The std::os module has some basic platform-specific features. On Unix-likes there's a symlink() fun to symlink paths. There are also some platform-specific extension traits. More platform-specifics are available via 3rd-party crates.

Networking

The std::net module has low-level network support; native_tls provides SSL/TLS.
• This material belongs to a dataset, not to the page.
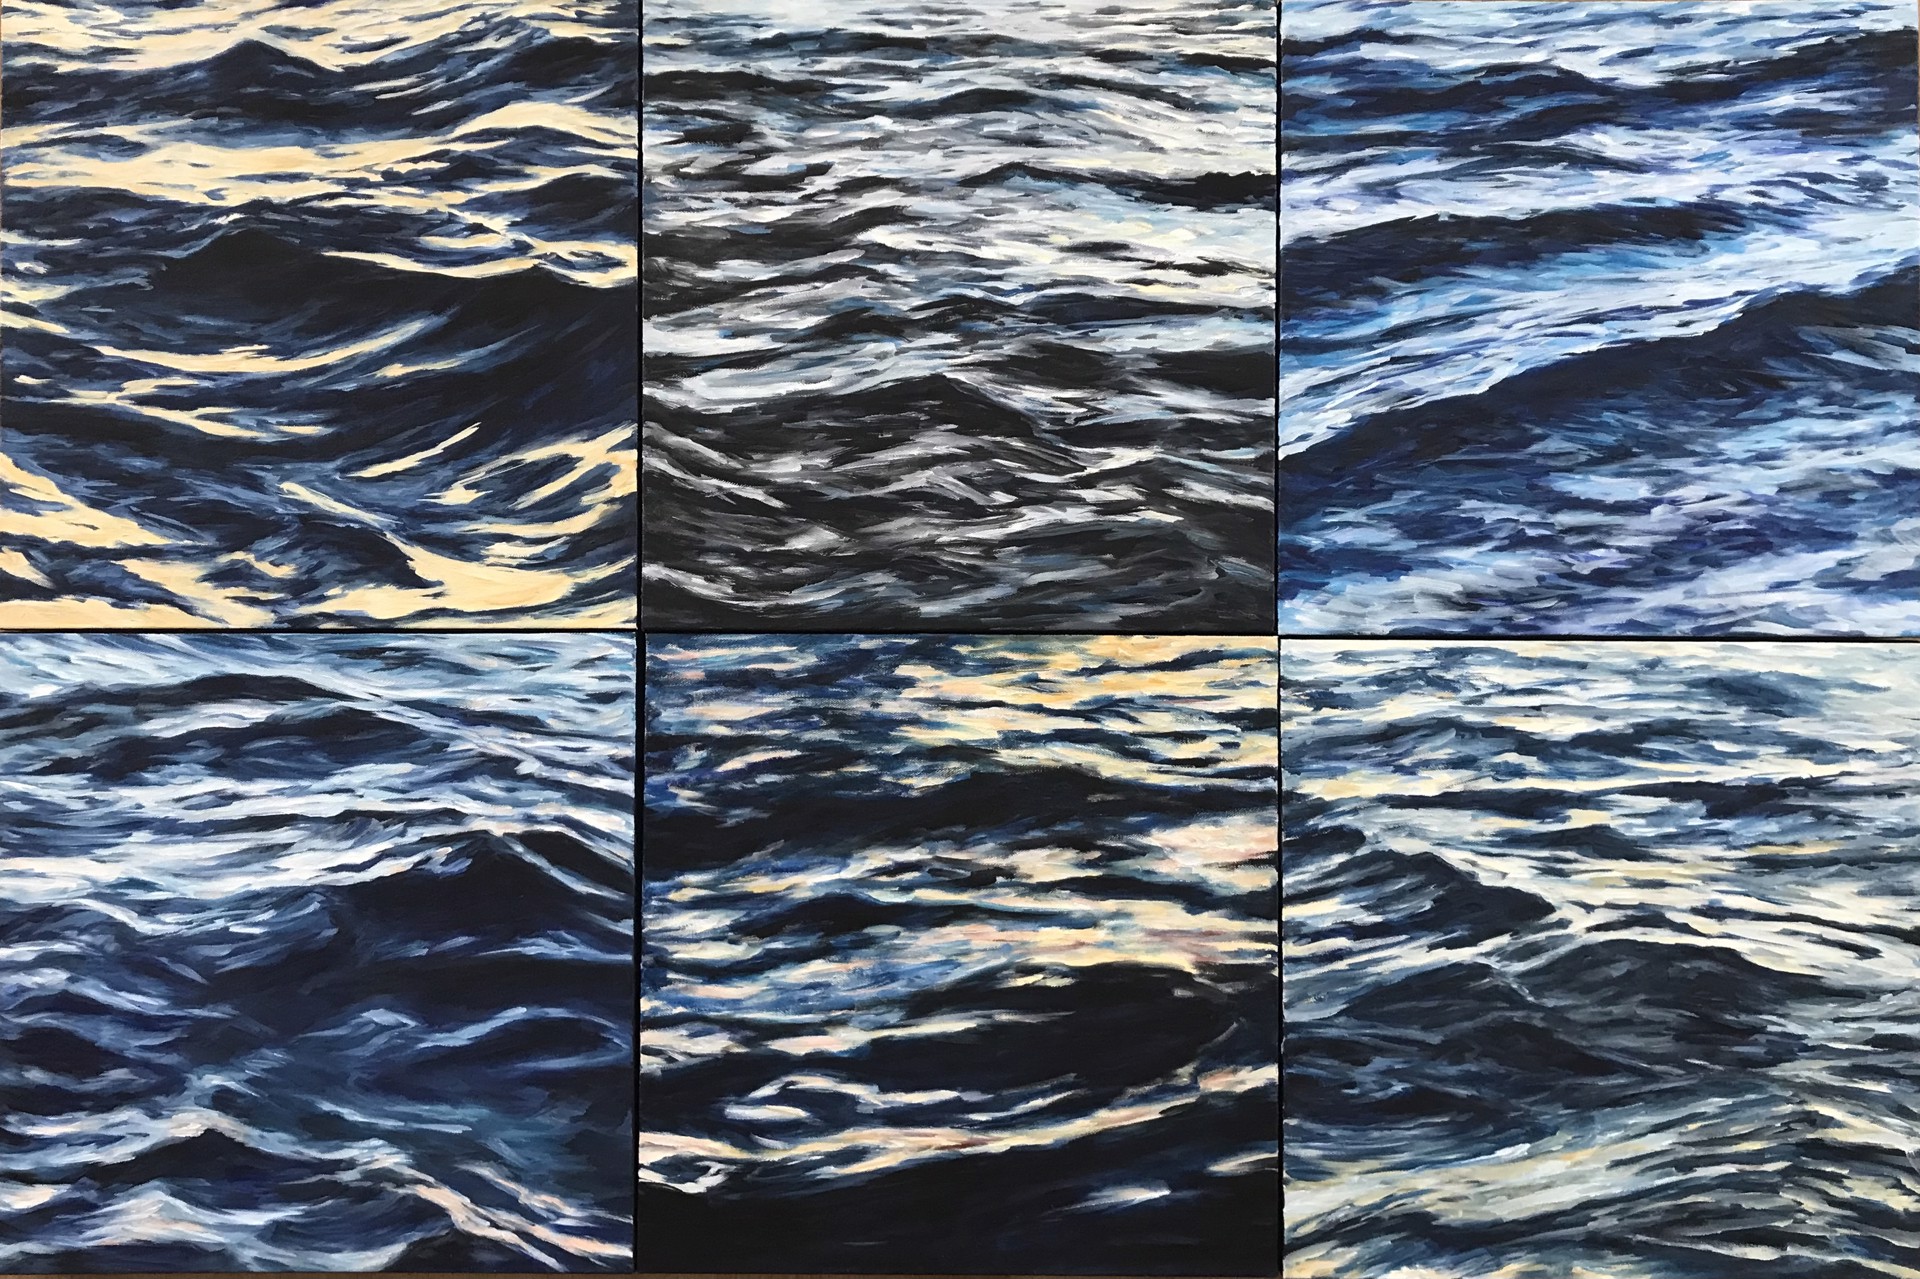 Lahaina Waves 8 by Valerie Eickmeier

Example: echo server with inline notes

use std::net::TcpListener;
use std::io;
use std::thread::spawn;

/// Accept connections forever, spawning a thread for each one.
fn echo_main(addr: &str) -> io::Result<()> {
    // bind a listener to the addr
    let listener = TcpListener::bind(addr)?;
    println!("listening on {}", addr);
    // serve forever
    loop {
        // Wait for a client to connect. note addr shadows the listen addr
        let (mut stream, addr) = listener.accept()?;
        println!("connection received from {}", addr);

        // Spawn a thread to handle this client.
        let mut write_stream = stream.try_clone()?;
        // move streams into closure
        spawn(move || {
            // Echo everything we receive from `stream` back to it.
            io::copy(&mut stream, &mut write_stream)
                .expect("error in client thread: ");
            println!("connection closed");
        });
    }
}

fn main() {
    echo_main("127.0.0.1:17007").expect("error: ");
}

Higher level networking is supported by 3rd party crates. Example: http client via the reqwest crate, using it's blocking feature.

use std::error::Error;
use std::io;

// result with an error trait obj
fn http_get_main(url: &str) -> Result<(), Box<dyn Error>> {
    // Send the HTTP request and get a response.
    let mut response = reqwest::blocking::get(url)?;
    if !response.status().is_success() {
        Err(format!("{}", response.status()))?;
    }

    // Read the response body and write it to stdout.
    let stdout = io::stdout();
    // note we need to lock stdout
    io::copy(&mut response, &mut stdout.lock())?;

    Ok(())
}

fn main() {
    let args: Vec<String> = std::env::args().collect();
    if args.len() != 2 {
        eprintln!("usage: http-get URL");
        return;
    }

    if let Err(err) = http_get_main(&args[1]) {
        eprintln!("error: {}", err);
    }
}

More networking crates:

actix-web

http server framework

websocket

websocket proto

tower

components for building clients and servers

glob

file globbing

notify

monitor files

walkdir

recurse into a dir

Coda

Another very practical chapter! The stdlib i/o seems well-structured though a bit bare-bones (no tempfile and async i/o, need external crates for that).